Différente. Au milieu de toutes les autres mes semblables.
Différente sans que personne le perçoive. Identique à toutes les autres.
Différente à l’intérieur, cherchant à se fondre dans la masse, ne rien laisser paraître, le sentir très fort.
Les feuilles de tilleul de la cour d’école, le sable, le jardin, la maison.

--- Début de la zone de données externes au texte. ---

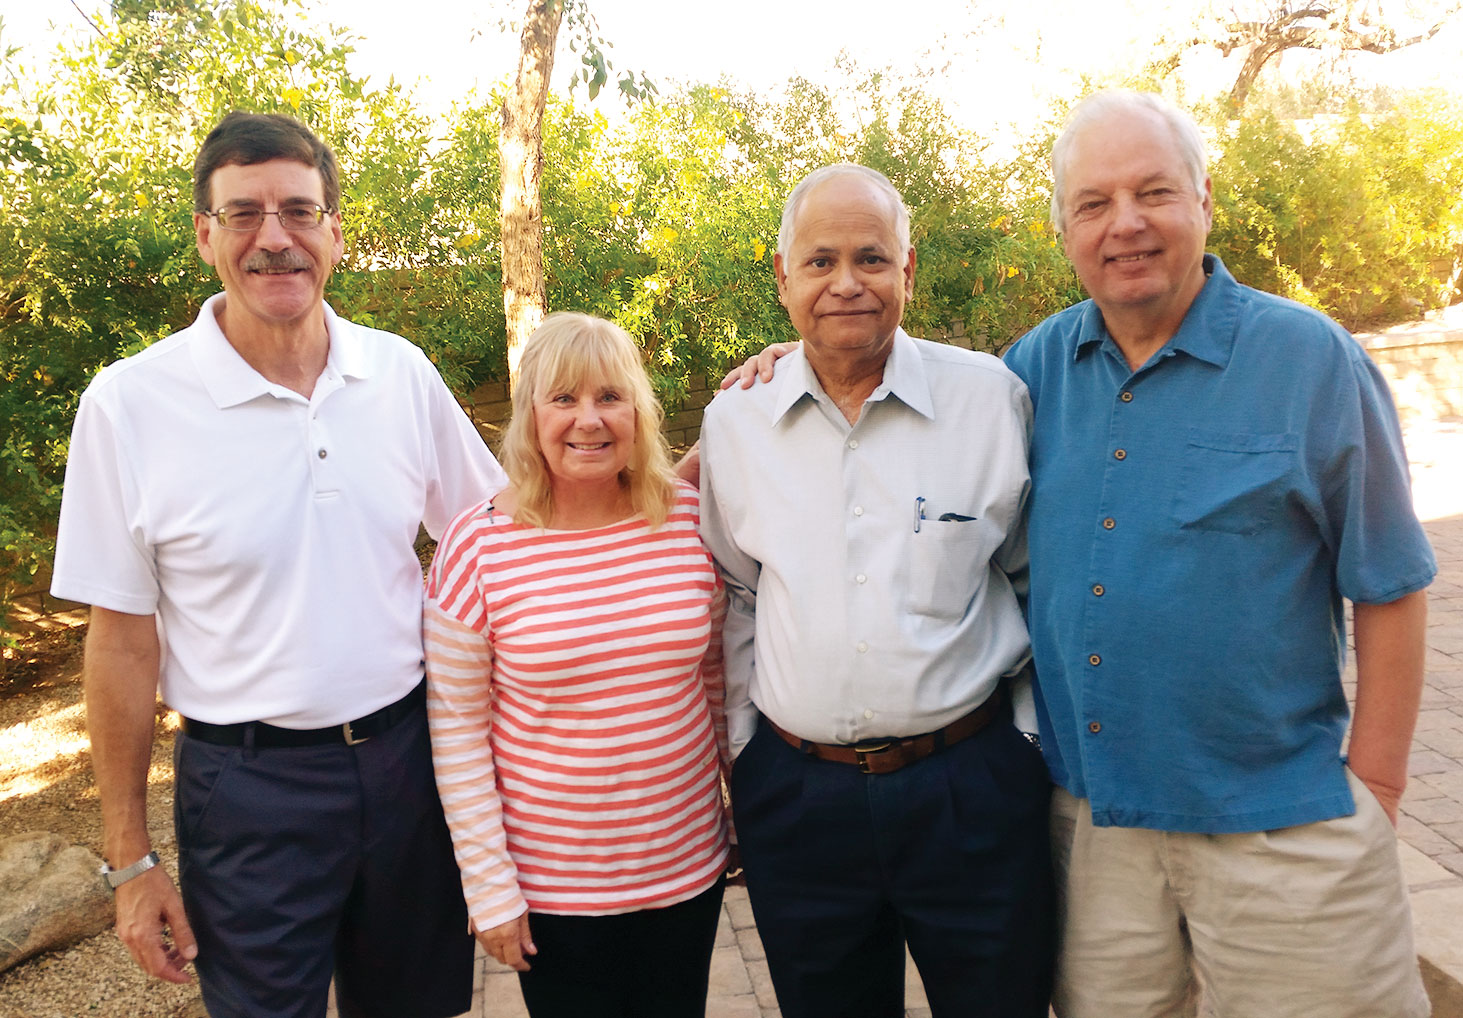 Left to right: Steve Sanderson, Kathy Bergman, Sudhakar Divakaruni and Dave Comfort

Différente sans drame, seule par choix, pas isolée ni exclue
Je ne me prête pas aux mêmes jeux, je ne crois pas aux mêmes choses, ce n’est pas inconfortable
Plutôt une force tranquille, de distinction sereine et bienveillante
Est-ce le fait d’être l’ainée, est-ce le fait d’être fille au milieu de garçons, j’aime mon petit monde à ma mesure
Ai-je envie de me fondre, pas du tout
une sorte de supériorité intime
Différente pourquoi. Car le monde devient plus grand , moins familier et que de cette différence elle n’est plus certaine. Elle n’a plus de repère, elle se perd. Elle se questionne, qui est-elle et qui sont les autres ? Comment les situer, comment savoir ce qui les occupe à l’intérieur ?
Les indices même sont muets. Elle se retranche. Quelques mains tendues déçoivent ou s’écartent. Le monde devient étrange et ses contours flous. La ville est muette, inaccessible, impénétrable. Elle n’en connait pas les codes ; ils lui font peur. Des murs, des portes ou des fenêtres qu’il est bien plus difficile de franchir que de se faufiler entre les arbres même dans le noir.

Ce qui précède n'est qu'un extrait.